Lunge to shoulder press: after each lunge lift a weight bag up toward the ceiling with arms straight

Straight arm plank

Swiss ball press ups: shins on ball and hand out in front on the floor

Straight single leg dead lifts: bend forward like a bow on one leg, don’t bend it and keep your back straight

Chair jumps: jump on to a step, chair or bench

Do three to five sets of 20 reps with minimal rest.

EXTRA CLASSES:

Zumba is a medium- to high-impact fitness programme that combines Latin and international music and dance moves.

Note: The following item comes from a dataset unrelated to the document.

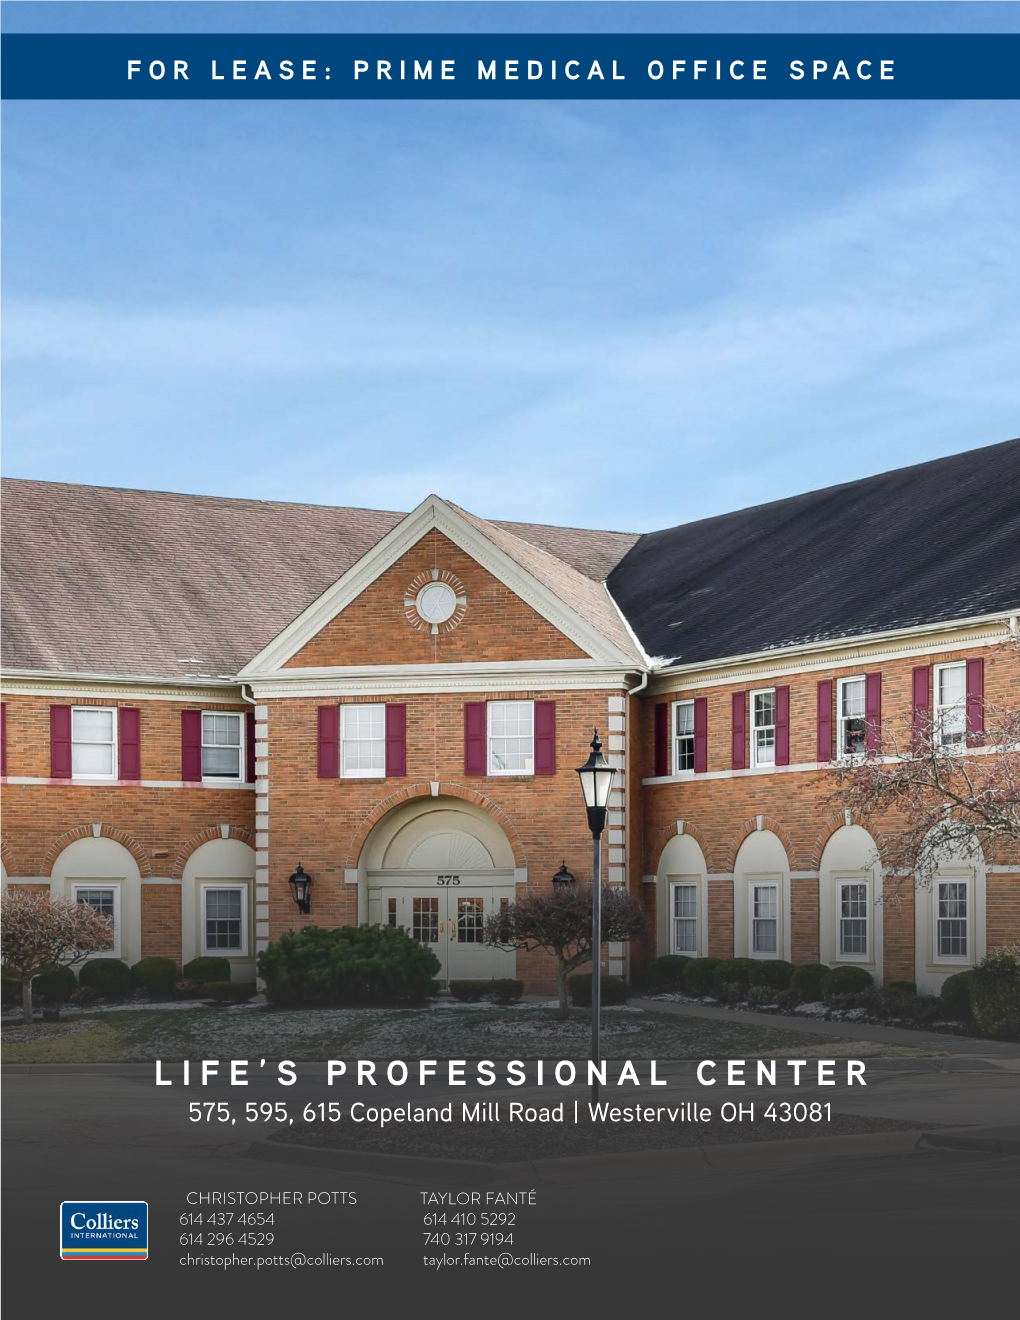 Life's Professional Center

Where? Dance Fit, Al Sayyah Building, Sheikh Zayed Road, here

 

BODY SHAPE: 

STRAIGHT UP & DOWN

Also known as boyish, ruler or athletic, this body type needs toning in order to give a defined shape.

THE WORKOUT:

Lateral lunges: side lunge with a weight vest or backpack

Incline press ups: use the back of your sofa

Side plank: get on your elbows, keep your legs straight and lift your hips off the floor. Hold for 45 seconds

Butt kicks: jump up and kick your butt with your heels

Floor cobras: lie on your stomach with arms to your sides. Lift your upper body off the floor, pointing thumbs to the ceiling and squeeze your shoulder blades together

Do three to five sets of 20 reps with minimal rest.

EXTRA CLASSES:

Flywheel is a high-intensity workout that includes climbs and descents while working arms with weighted bars providing a maximum challenge for your body.